Is NPR Getting It?

Today I donated to my local NPR affiliate, KUHF, specifically to buy scolding rights. I wanted to tell them that their reporting on Iraq was so appallingly slanted I no longer trusted them.

I got the email acknowledgement, and opened an email to begin lambasting and pleading.

And then Joe Loconte came on the radio, and said:

There seems to be less talk these days about the political grievances of terrorists, and more talk about their murderous ambitions.

What the hell?

There are fewer voices demanding greater empathy for Islamist rage, and more calling for recruits to overcome it. And these voices are coming from inside and outside the Islamic tradition.

I kept waiting for the debunking of this Roveist fantasy. Instead:

President Bush [is] linking the theology of militant Islam to that of fascism and communism. His national security strategy says America faces a totalitarian ideology that thrives on terror, enslavement, and murder.

Loconte does not debunk this. No, indeed. He gets it.

It’s critical for politicians and public intellectuals to warn us about the nature of new international threats. Theologian Reinhold Niebuhr and philosopher Lewis Mumford did much the same in the 1930s during the rise of Nazism….[Mumford] rejected the view that Nazi aggression could be explained by political injustices, and he pleaded for U.S. military intervention. Mumford’s description of fascism, its glorification of war, its hatred of democracy, its delight in physical cruelty, reads like a playbook for Osama bin Laden and his loyalists. More public thinkers are facing the possibility that Islam is being transformed into a new strain of the fascist disease….The barbarians, it seems, have returned. Their brooding racism, their genocidal ambitions, their corrupted spirituality: we’ve seen their likes before. And like their predecessors, they will not be appeased. We may disagree over how to defeat them, but let’s have no more debate over what this fight is really about.

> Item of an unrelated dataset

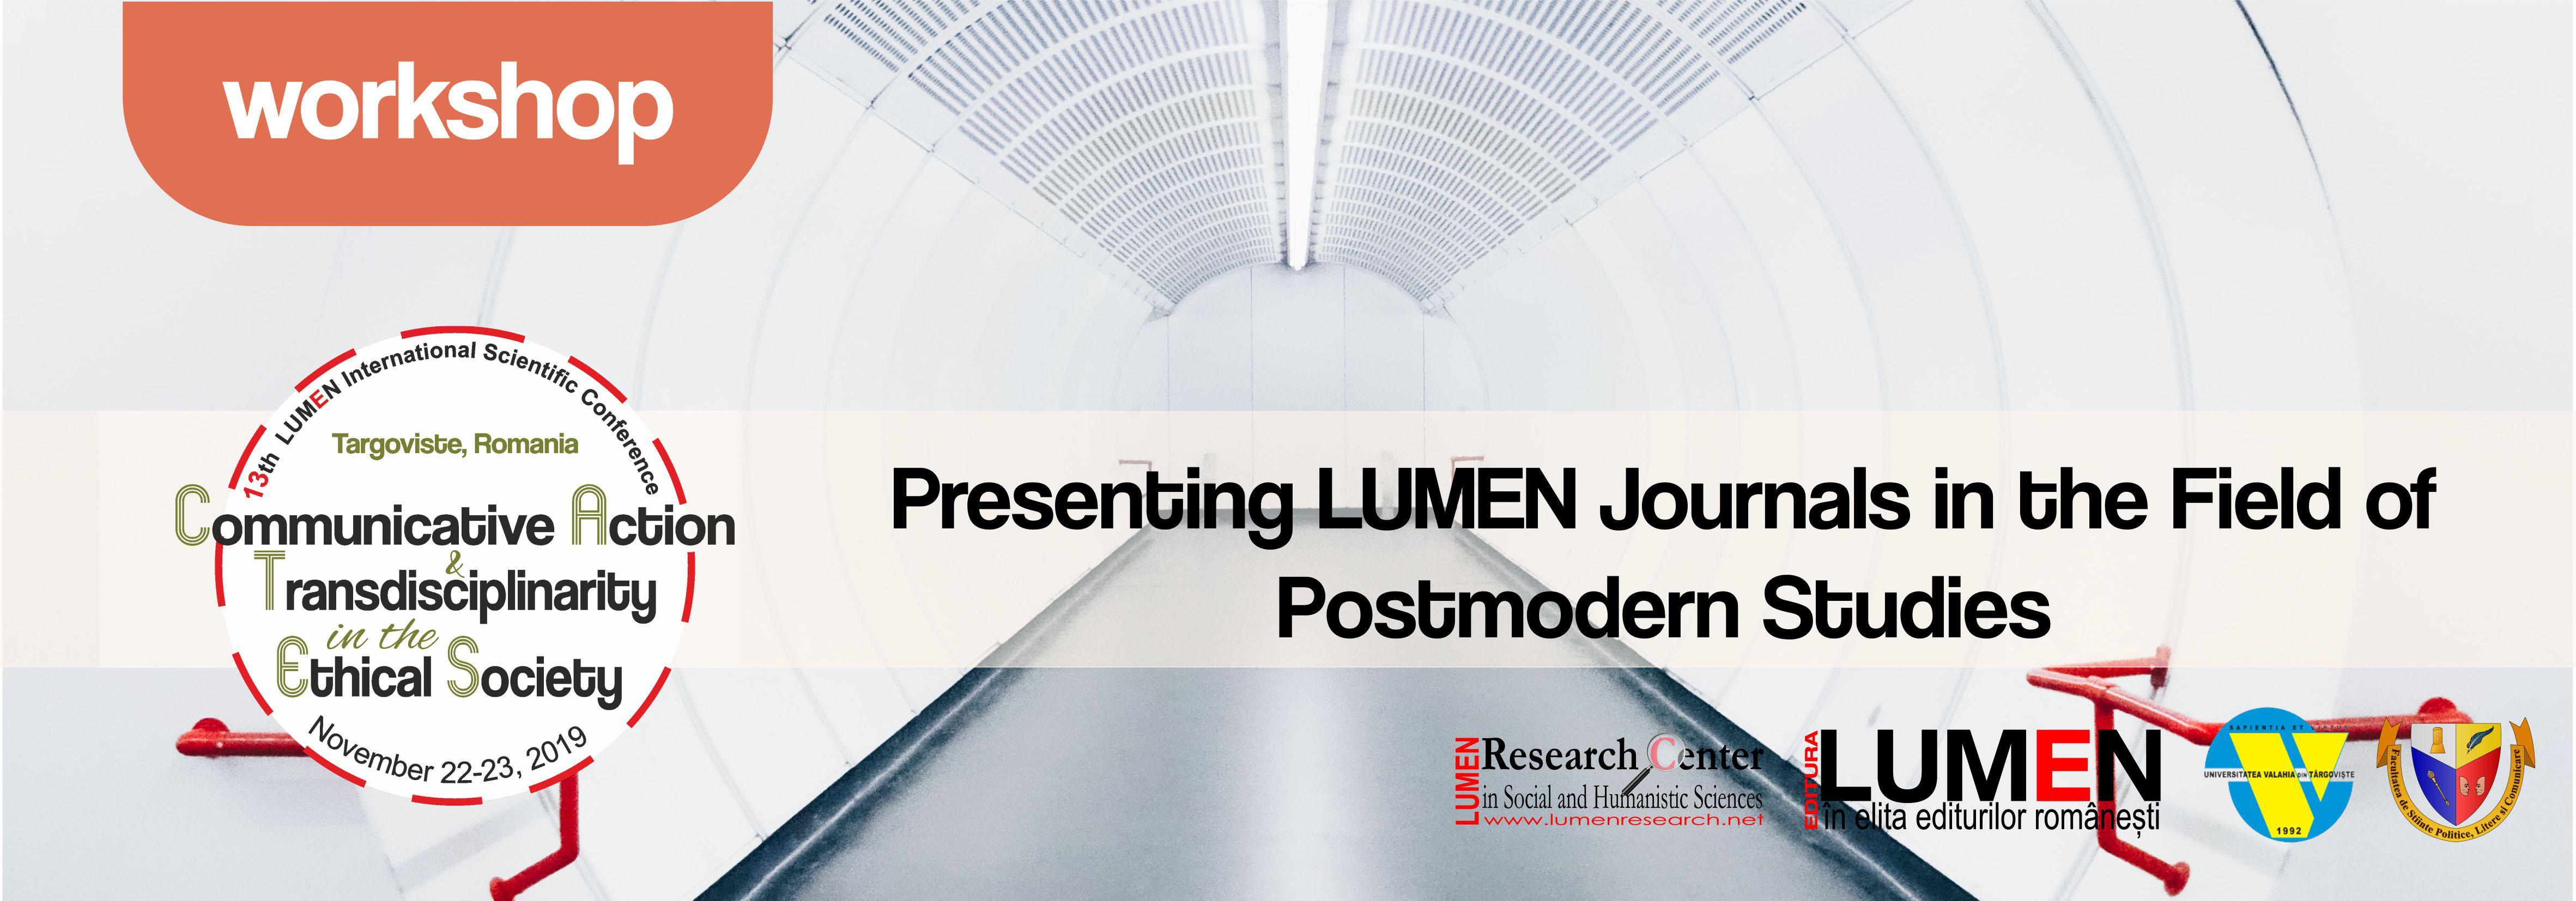 W14_Postmodern-journals
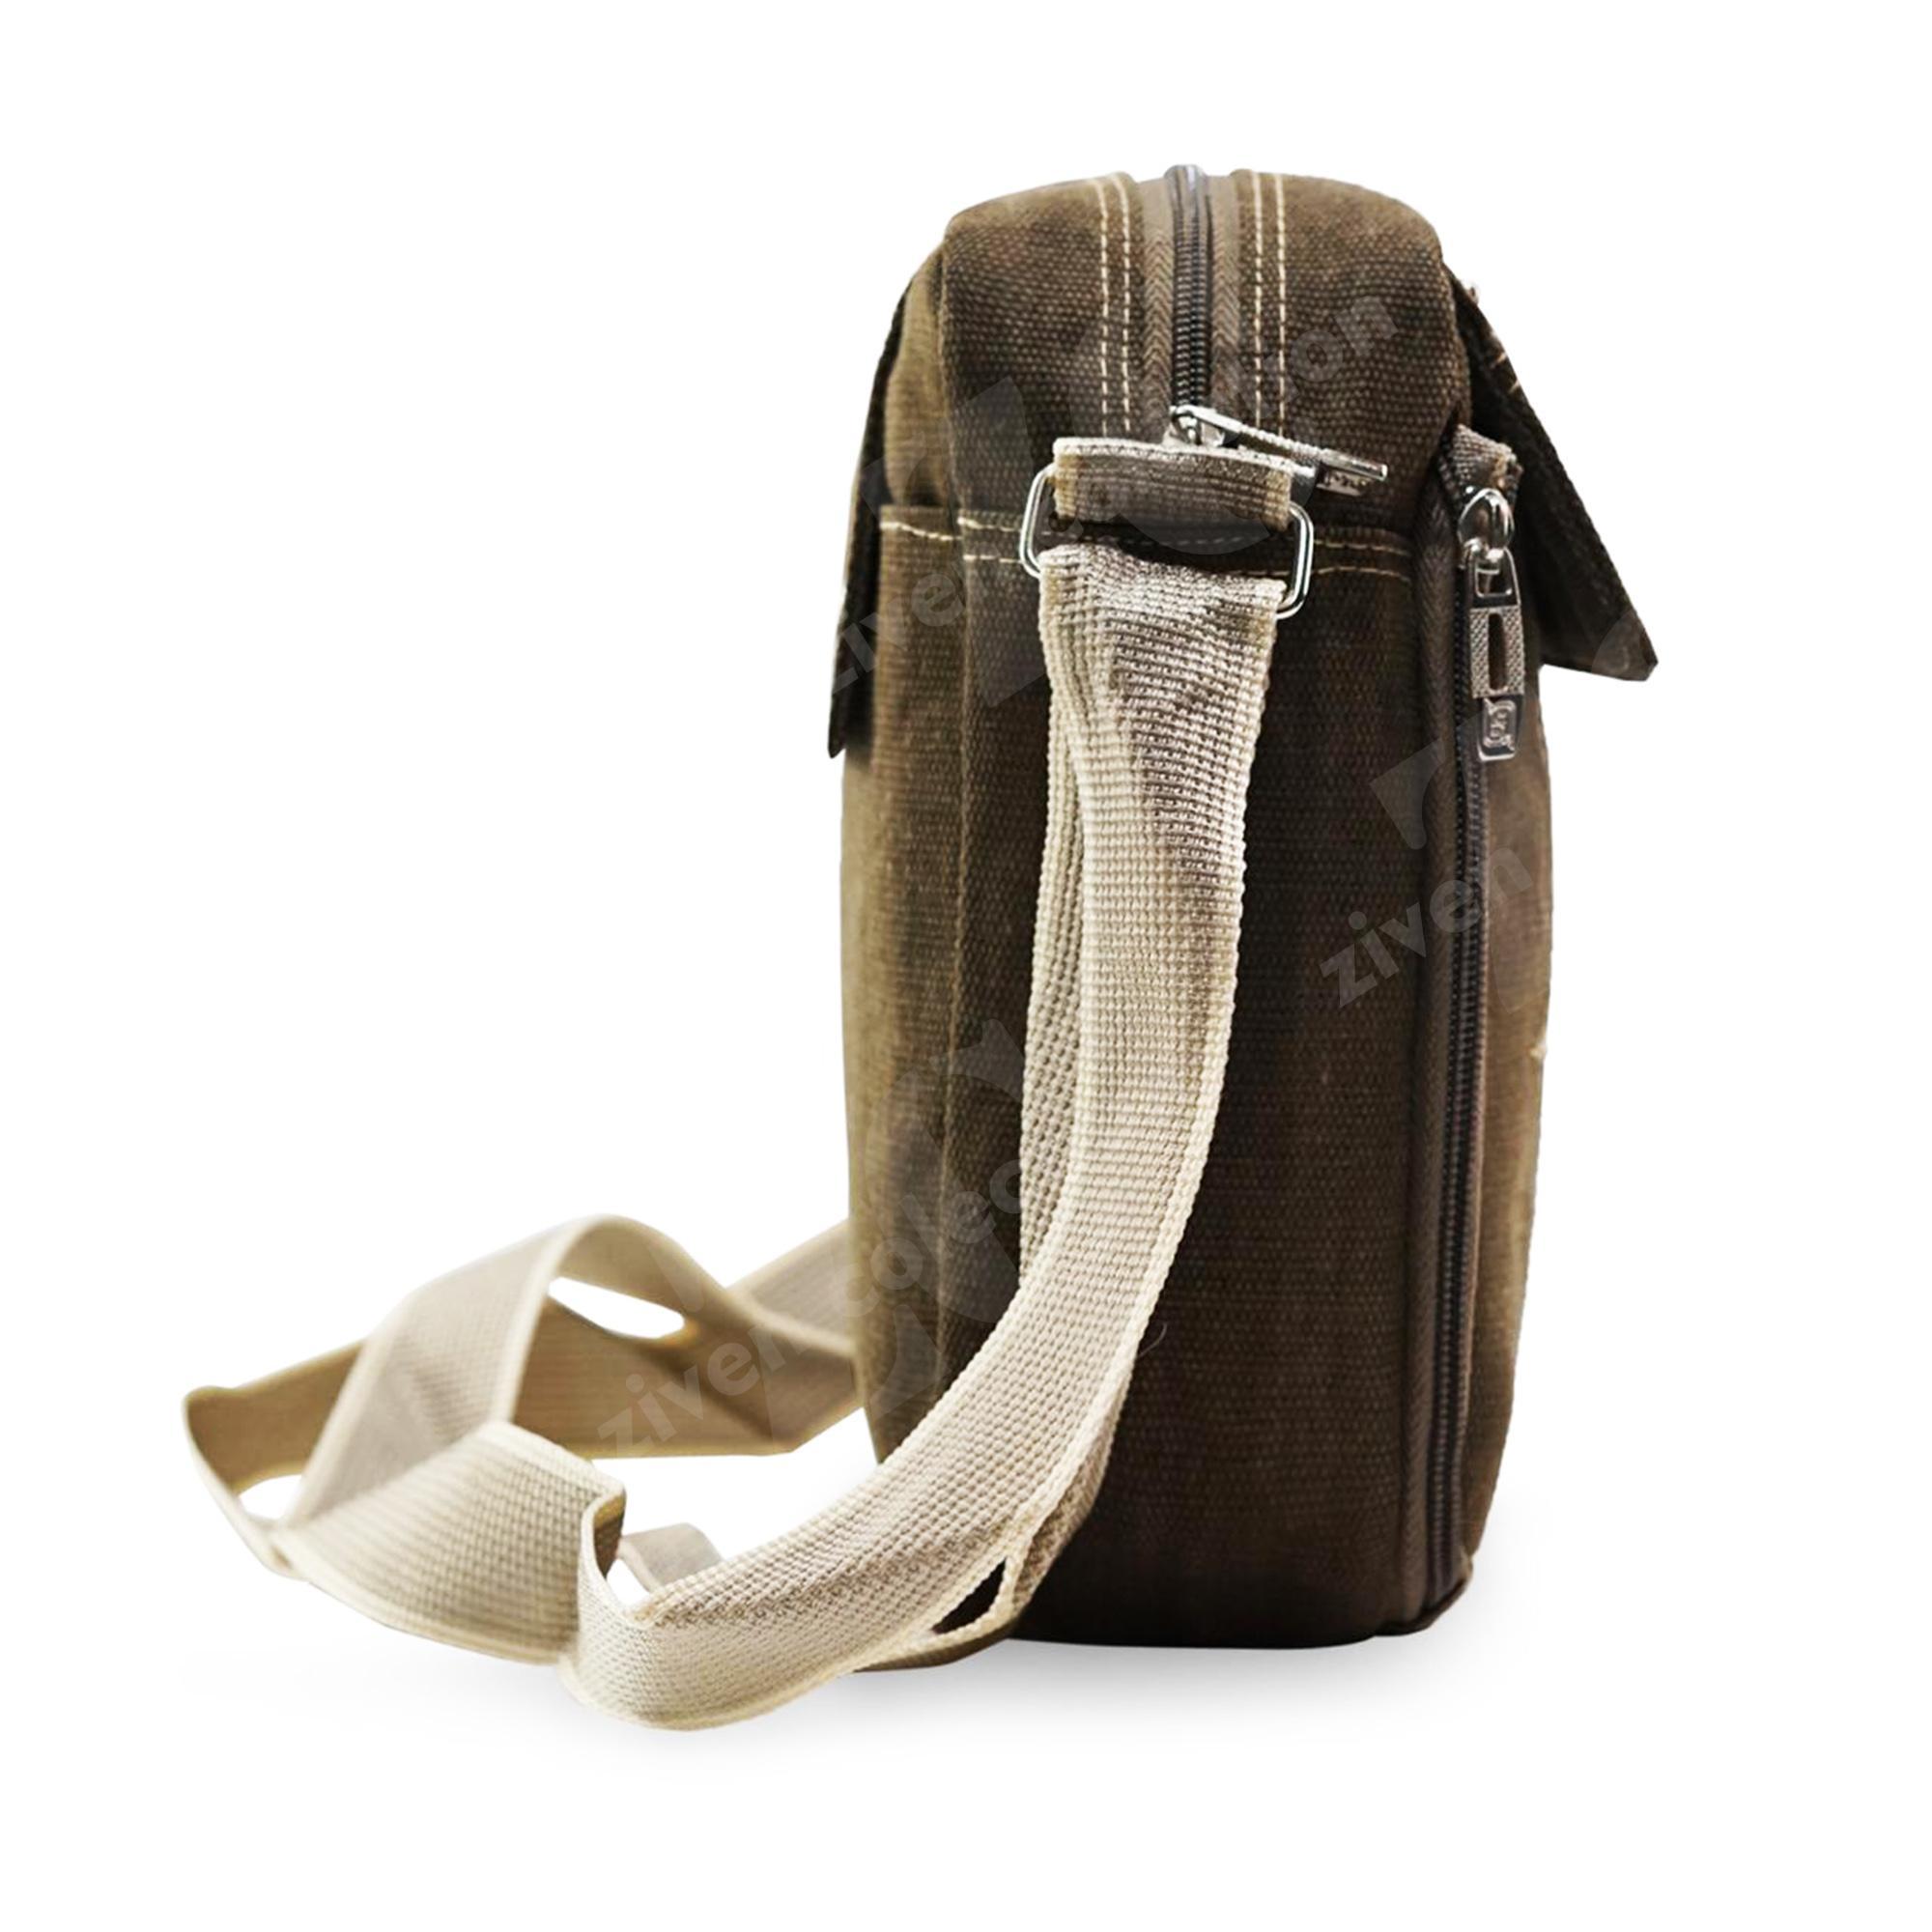 ... Tas Pria Men Baepack 1508 Vintage Canvas Multifunction Travel Satchel Messenger Shoulder Bag - 3 ...

[Emphasis, and any transcription errors, are mine.]

Without question, this is the sanest, and most important thing I have heard on NPR since the original attack on Baghdad.

It’s been said that we lost Vietnam when we lost Cronkite. I’m hoping now that if we’ve won NPR, we’ve won the war in the Middle East.

If NPR keeps this up, I might go back, and increase my donation.

Please, even if you are on dialup, and it will take a long time to download, go here, click the “Listen” button under the title, and hear what I have been trying to say for three years now from a voice many of you trust, and that I may begin to trust again.

If the Democratic leadership gets this, I might even not have to vote Republican next election.